VMware, Intel Team Up to 'Enable Private AI Everywhere'
VMware announced a collaboration with Intel to make AI more accessible and private across various environments like datacenters, public clouds and the edge.
The two companies will deliver a validated AI stack that will enable customers to use their existing VMware and Intel infrastructure and open source software to build and deploy AI models.
The AI stack will combine the VMware Cloud Foundation infrastructure platform with Intel's AI software suite, Intel Xeon processors with built-in AI accelerators, and Intel Max Series GPUs, a new line of datacenter GPUs for demanding AI workloads. The stack will support end-to-end AI workflows, from data preparation to model training to inferencing, and will leverage the oneAPI framework, an open standard for cross-architecture software development.
The collaboration aims to make AI more accessible and scalable for enterprises, as well as more private and secure. VMware calls this approach Private AI, which allows customers to fine-tune and infer AI models using their own corporate data, without compromising on choice, performance or sustainability. Private AI can enable various use cases, such as AI-assisted code generation, customer service, and recommendation systems.
Core tenets of Private AI include:
- Highly distributed: Compute capacity and trained AI models reside adjacent to where data is created, processed, and/or consumed, whether the data resides in a public cloud, virtual private cloud, enterprise datacenter, or at the edge. This will require an AI infrastructure that is capable of seamlessly connecting disparate data locales in order to ensure centralized governance and operations for all AI services.
- Data privacy and control: An organization's data remains private to the organization and is not used to train, tune, or augment any commercial or OSS models without the organization's consent. The organization maintains full control of its data and can leverage other AI models for a shared data set as its business needs require.
- Access Control and auditability: Access controls are in place to govern access and changes to AI models, associated training data, and applications.
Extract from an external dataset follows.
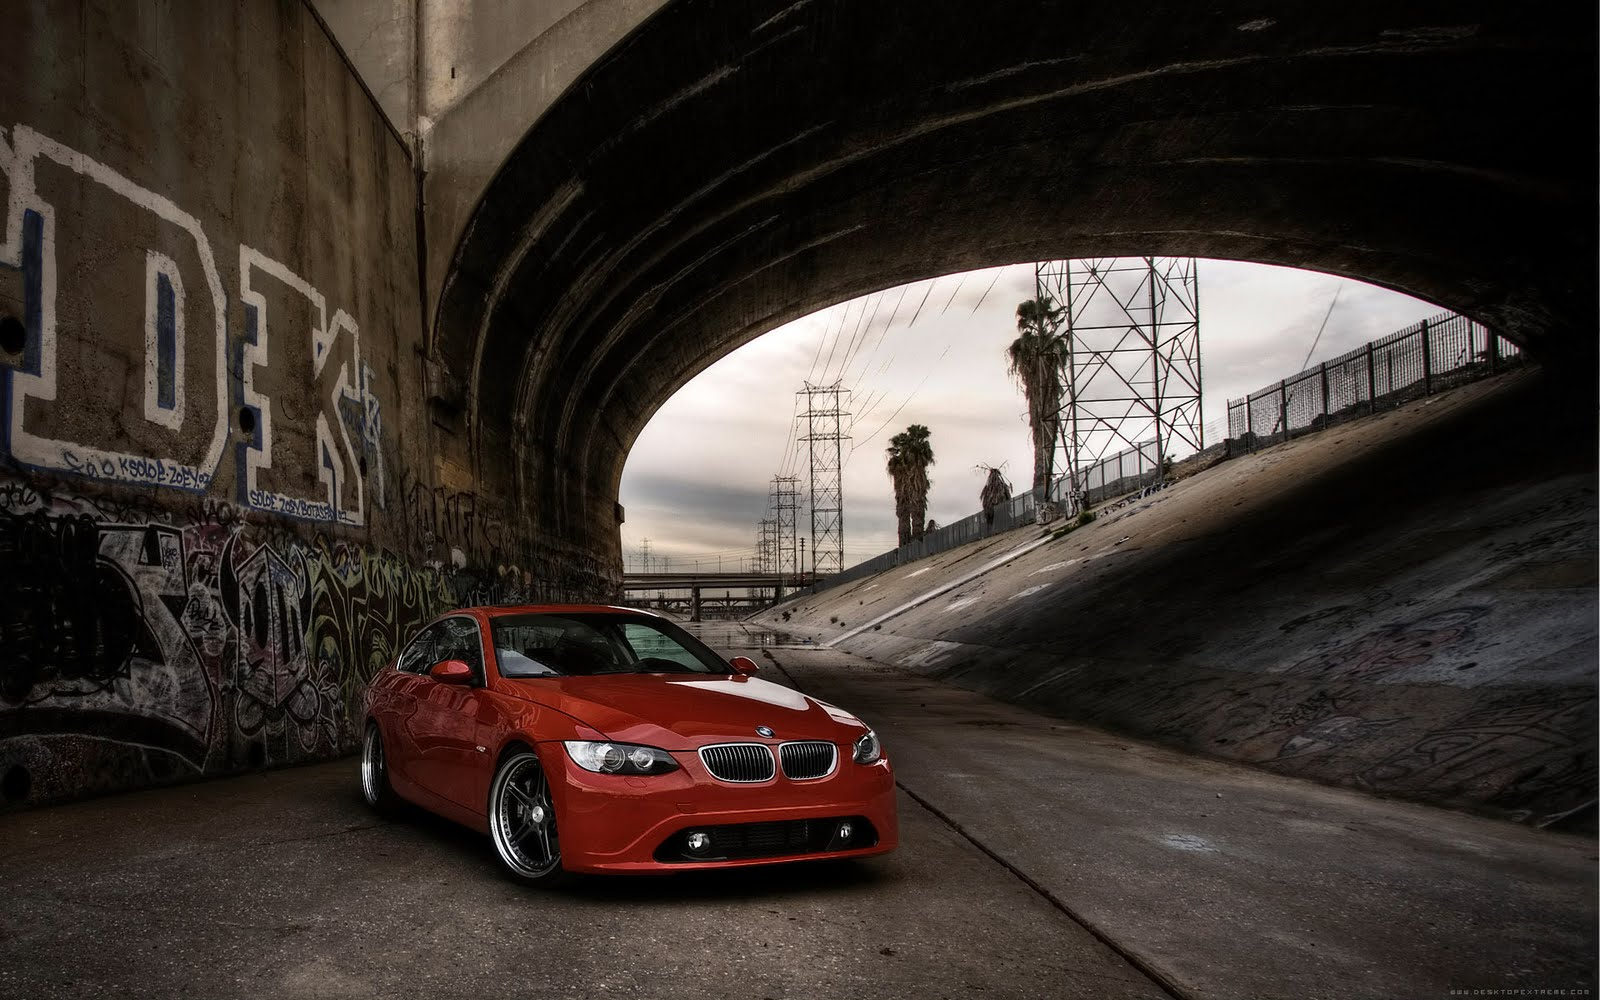 http://1.bp.blogspot.com/-RJqi3ZgdIGQ/Tbj7Ew_h_8I/AAAAAAAACPQ/Q6N4cwcBqZQ/s1600/TheWallpaperDB.blogspot.com__+__Cars+%252823%2529.jpg

Audit logs and associated controls are also essential to ensure that compliance mandates -- regulatory or otherwise -- are satisfied.
"VMware Private AI brings compute capacity and AI models to where enterprise data is created, processed, and consumed, whether in a public cloud, enterprise datacenter, or at the edge, in support of traditional AI/ML workloads and generative AI," VMware said last week in a news release. "VMware and Intel are enabling the fine-tuning of task specific models in minutes to hours and the inferencing of large language models at faster than human communication using the customer's private corporate data."
The value that enterprises can expect from the deal include:
- Enable privacy and security for AI models: VMware Private AI's architectural approach for AI services enables privacy and control of corporate data and integrated security and management. This partnership will help enterprises build and deploy private and secure AI models with integrated security capabilities in VCF and its components.
- Boost AI Performance: Achieve excellent AI and LLM model performance using the integrated capabilities built into VCF and Intel processors, hardware accelerators, and optimized software. For example, vSphere, one of the core components of VCF, includes Distributed Resources Scheduler, which improves AI workload management by grouping hosts into resource clusters for different applications and ensuring that VMs have access to the right amount of computing resources, preventing resource bottlenecks, and optimizing resource utilization.
- Get AI Everywhere: VMware and Intel are providing enterprises with a fully validated AI stack on already deployed clusters. This stack enables enterprises to do data prep, machine learning, fine-tuning, and inference optimization using Intel processors, hardware accelerators, Intel's AI software suite, and VCF across your on-premises environment.
Use cases, according to a blog post, include:
- Code Generation: Enterprises can use their models without the risk of losing their IP or data and can accelerate developer velocity by enabling code generation.
- Contact centers resolution experience: Enterprises can fine-tune models against their internal documentation and knowledge base articles, including private support data, and, in turn, realize more efficient customer service and support with meaningful reductions in human interactions in support/service incidents.
- Classical Machine Learning: Classical ML models are used for a variety of real-world applications across the financial services, health and life sciences, retail, research, and manufacturing industries. Popular ML use cases include customized marketing, visual quality control in manufacturing, personalized medicine, and retail demand forecasting.
- Recommendation Engines: Enterprises can enhance experiences by suggesting or recommending additional products to consumers. These can be based on various criteria, including past purchases, search history, demographic information, and other factors.
IBM is also getting in on the action, as VMware said: "IBM and VMware are building on VMware Private AI to enable enterprises to access IBM watsonx in private, on-premises environments and hybrid cloud for the secure training and fine-tuning their models with the watsonx platform."
David Ramel is an editor and writer for Converge360.